=== Information provided ===
════════════════════

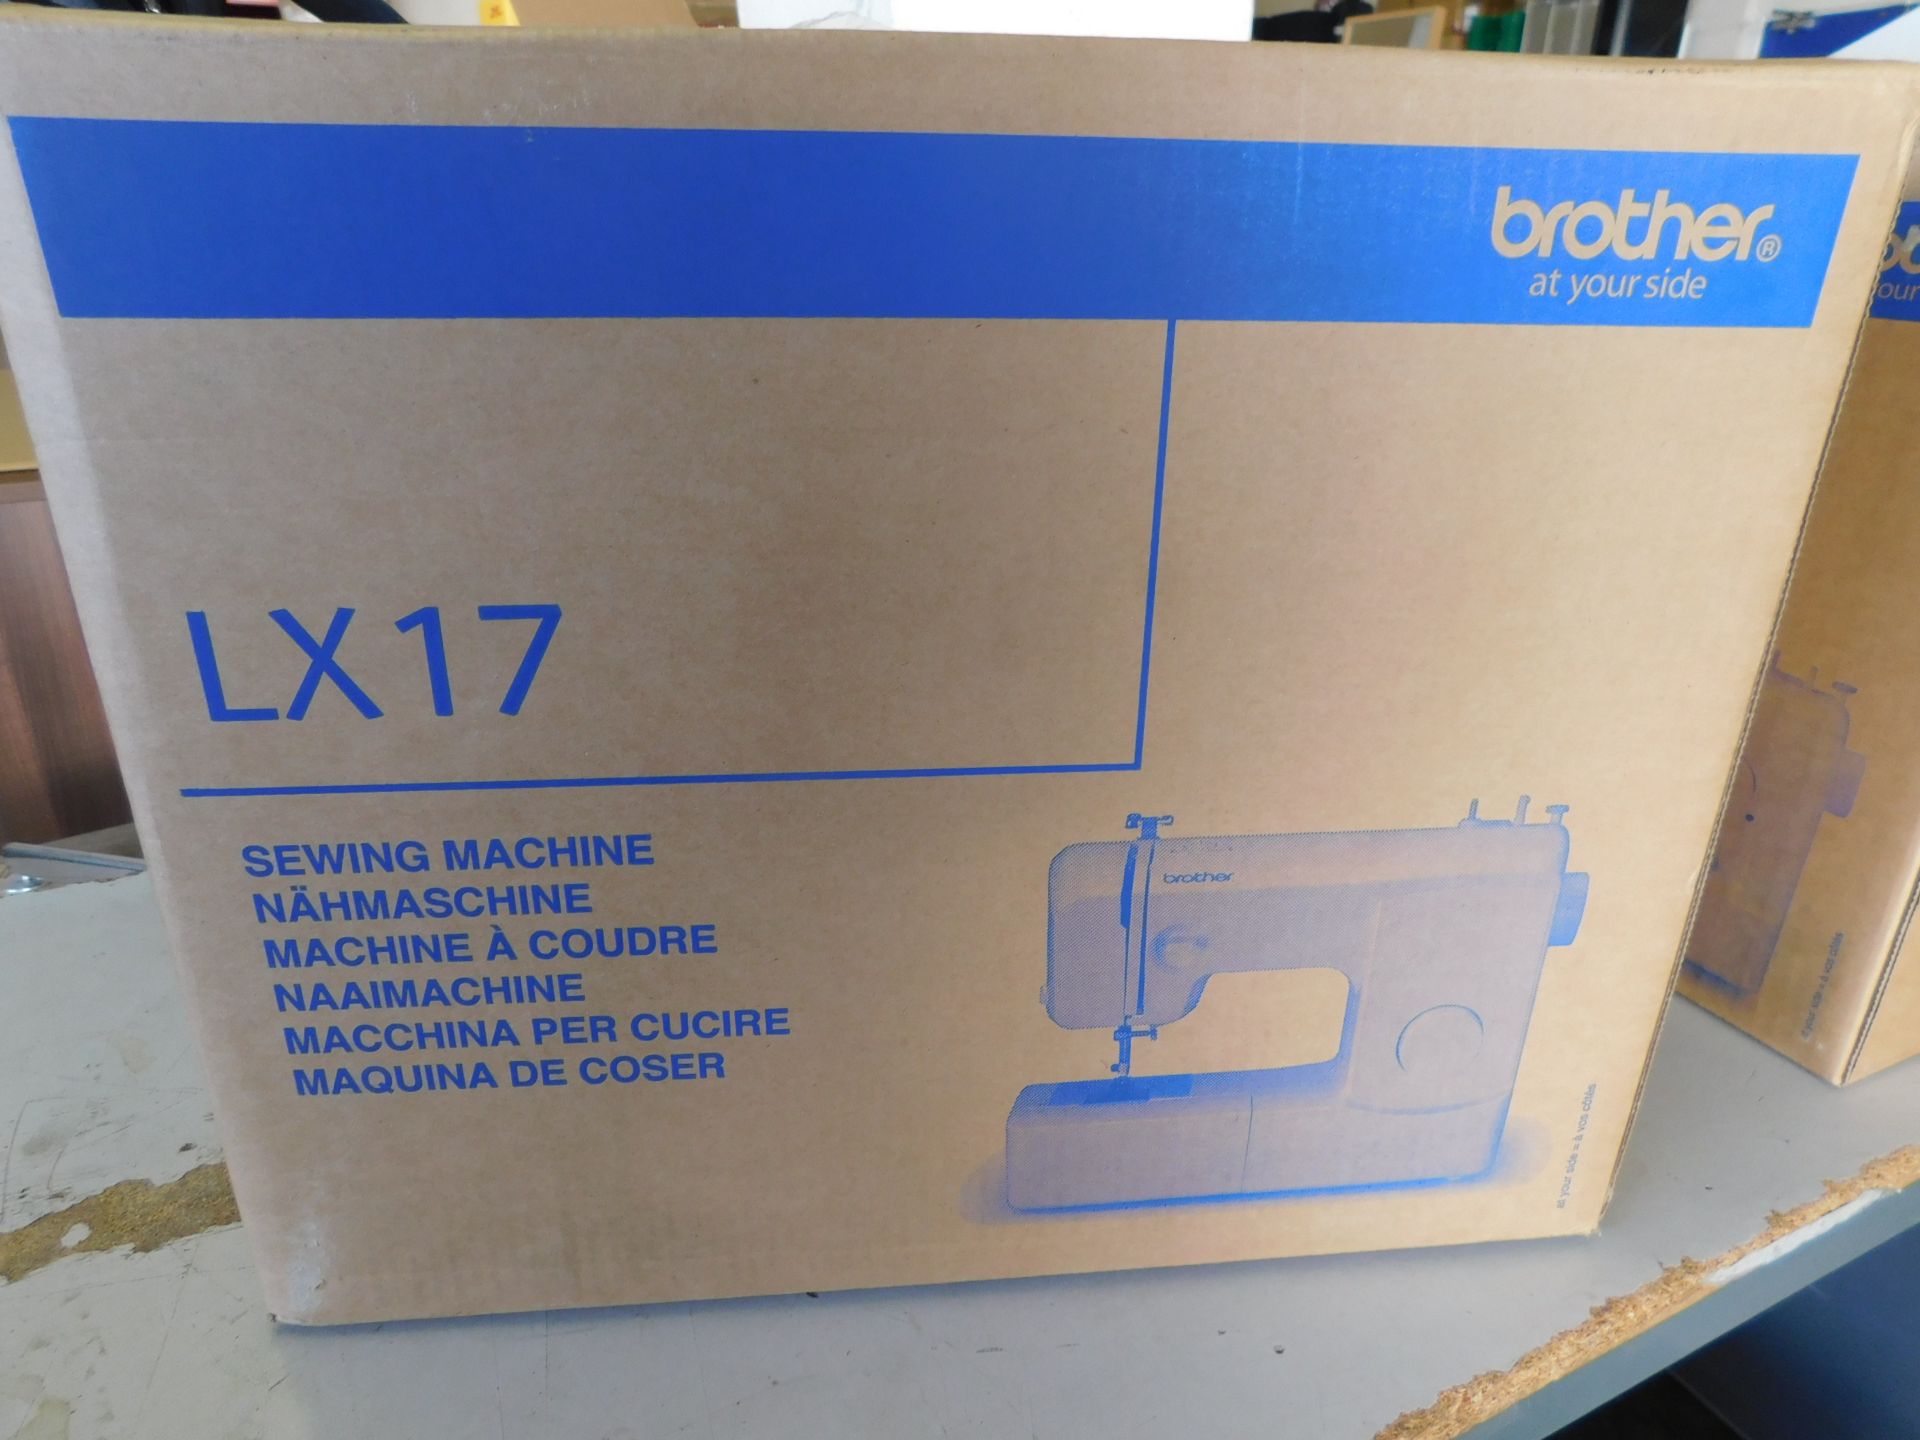 Brother LX17 Sewing Machine (Location Stockport. Please Refer to General Notes)
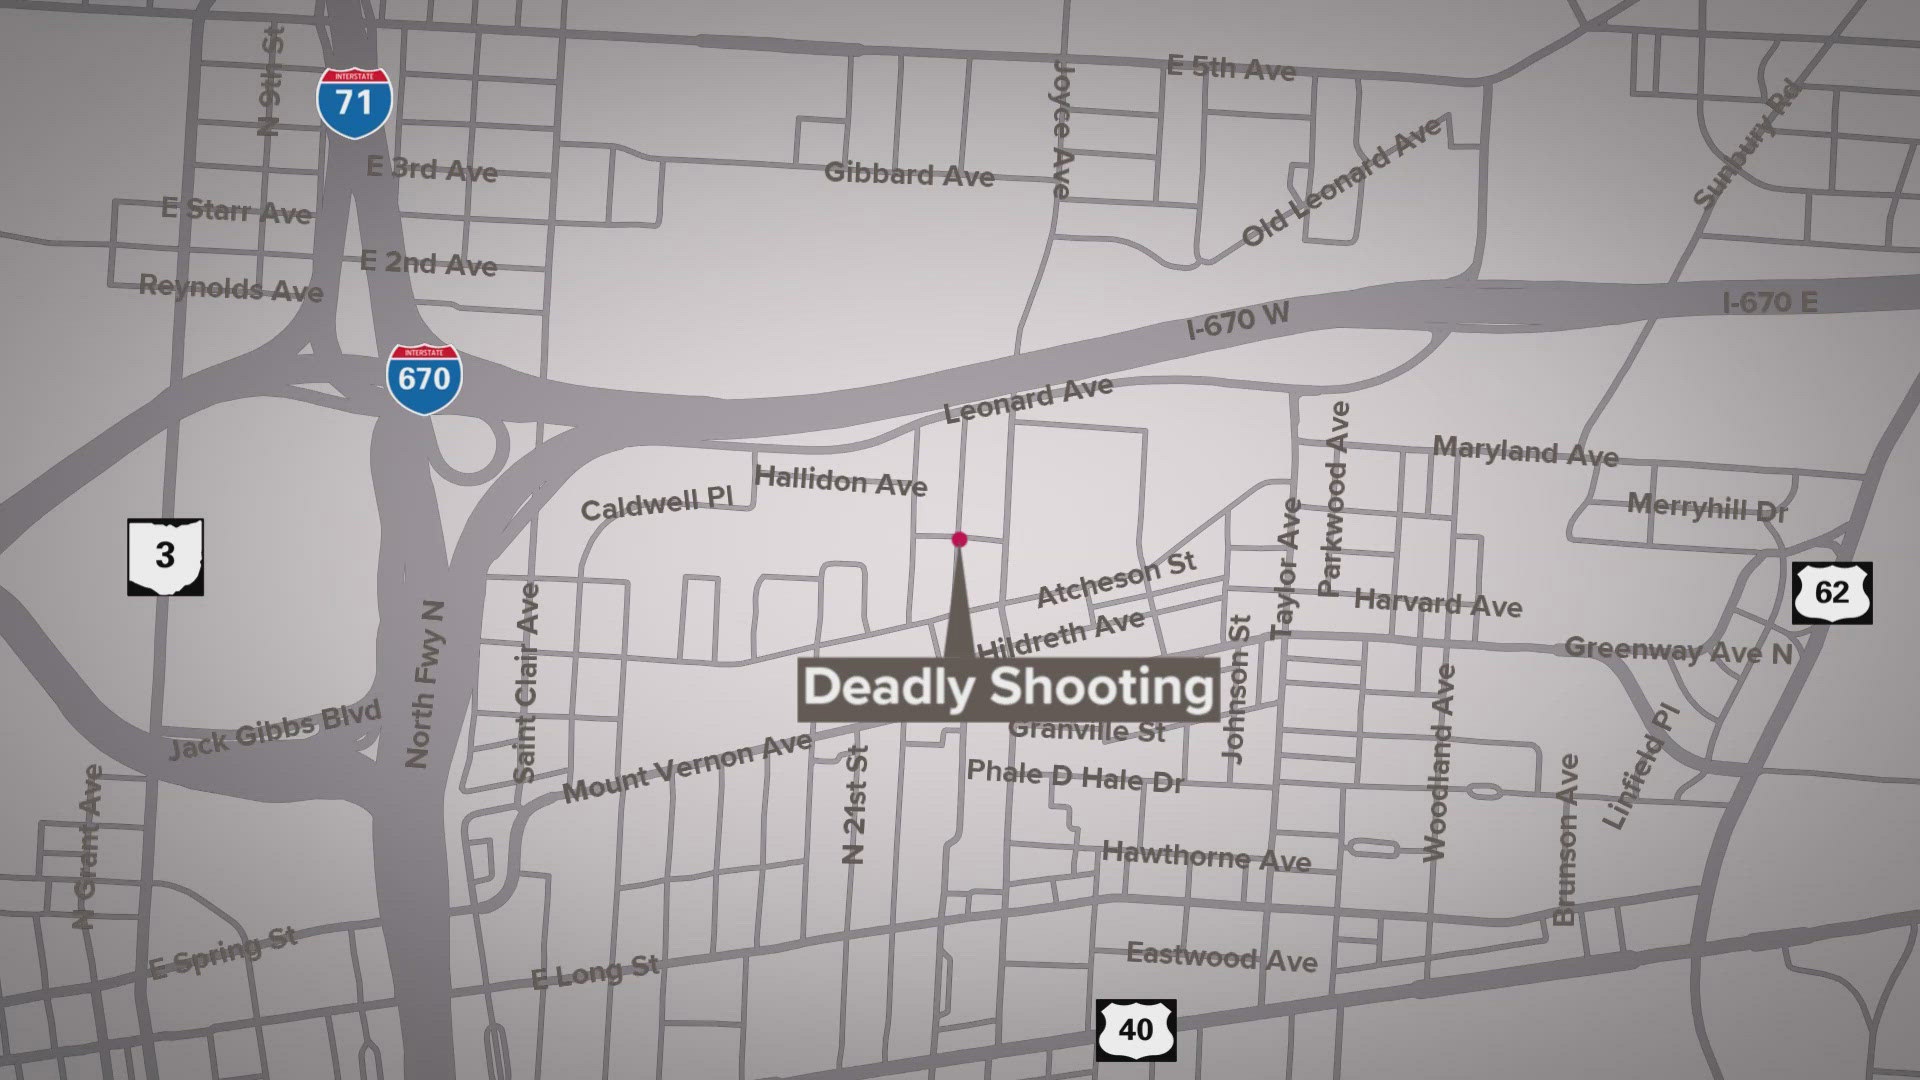 It is unclear what led up to the shooting. No suspect information is available at this time.
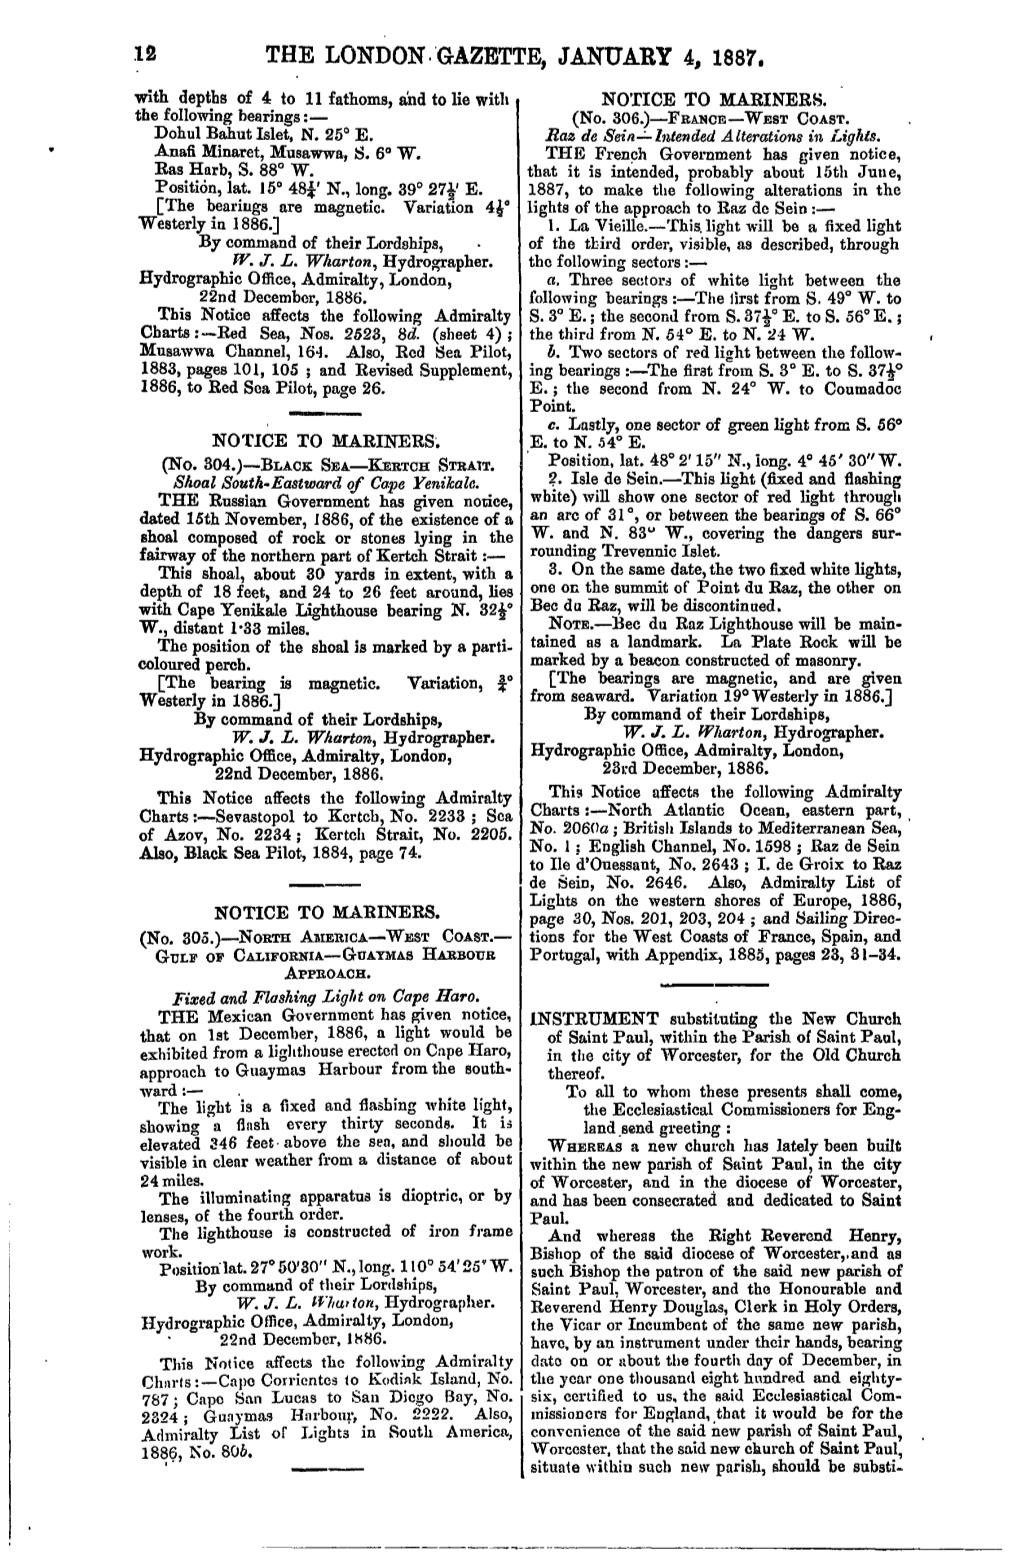 THE LONDON-GAZETTE, JANUARY 4, 1887, with Depths of 4 to 11 Fathoms, and to Lie with NOTICE to MARINERS
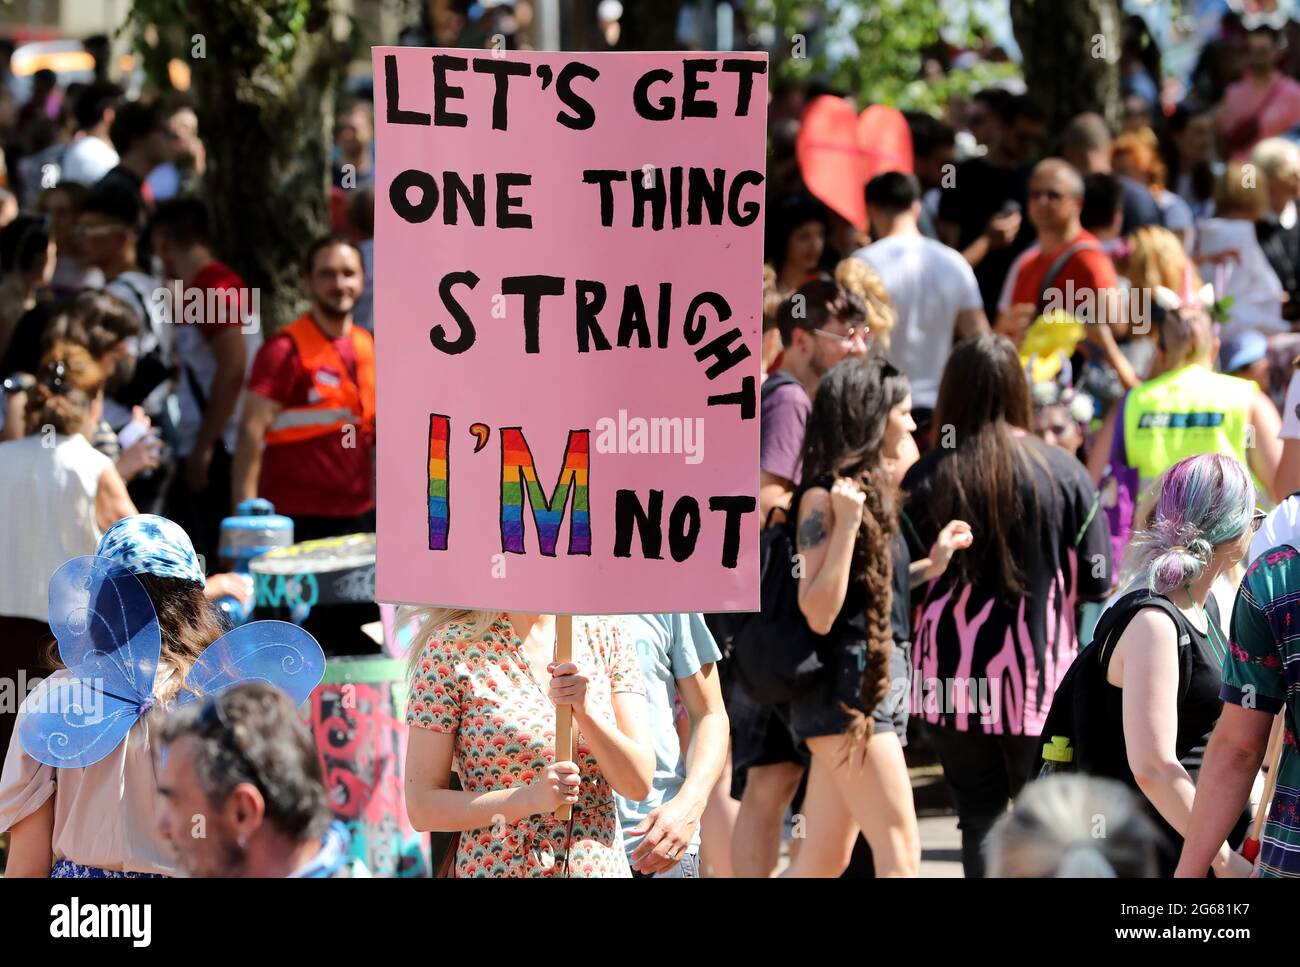 (210703) -- ZAGREB, July 3, 2021 (Xinhua) -- Members and supporters of the LGBTQ community gather during the Pride Parade in Zagreb, Croatia, on July 3, 2021. (Jurica Galoic/Pixsell via Xinhua) Stock Photo

════════════════════

=== Assignment ===
Where the material above includes pictures, omit them and retype everything else exactly.

=== Exercise result ===
 Brother LX17 Sewing Machine (Location Stockport. Please Refer to General Notes)
 It is unclear what led up to the shooting. No suspect information is available at this time.
 THE LONDON-GAZETTE, JANUARY 4, 1887, with Depths of 4 to 11 Fathoms, and to Lie with NOTICE to MARINERS
 (210703) -- ZAGREB, July 3, 2021 (Xinhua) -- Members and supporters of the LGBTQ community gather during the Pride Parade in Zagreb, Croatia, on July 3, 2021. (Jurica Galoic/Pixsell via Xinhua) Stock Photo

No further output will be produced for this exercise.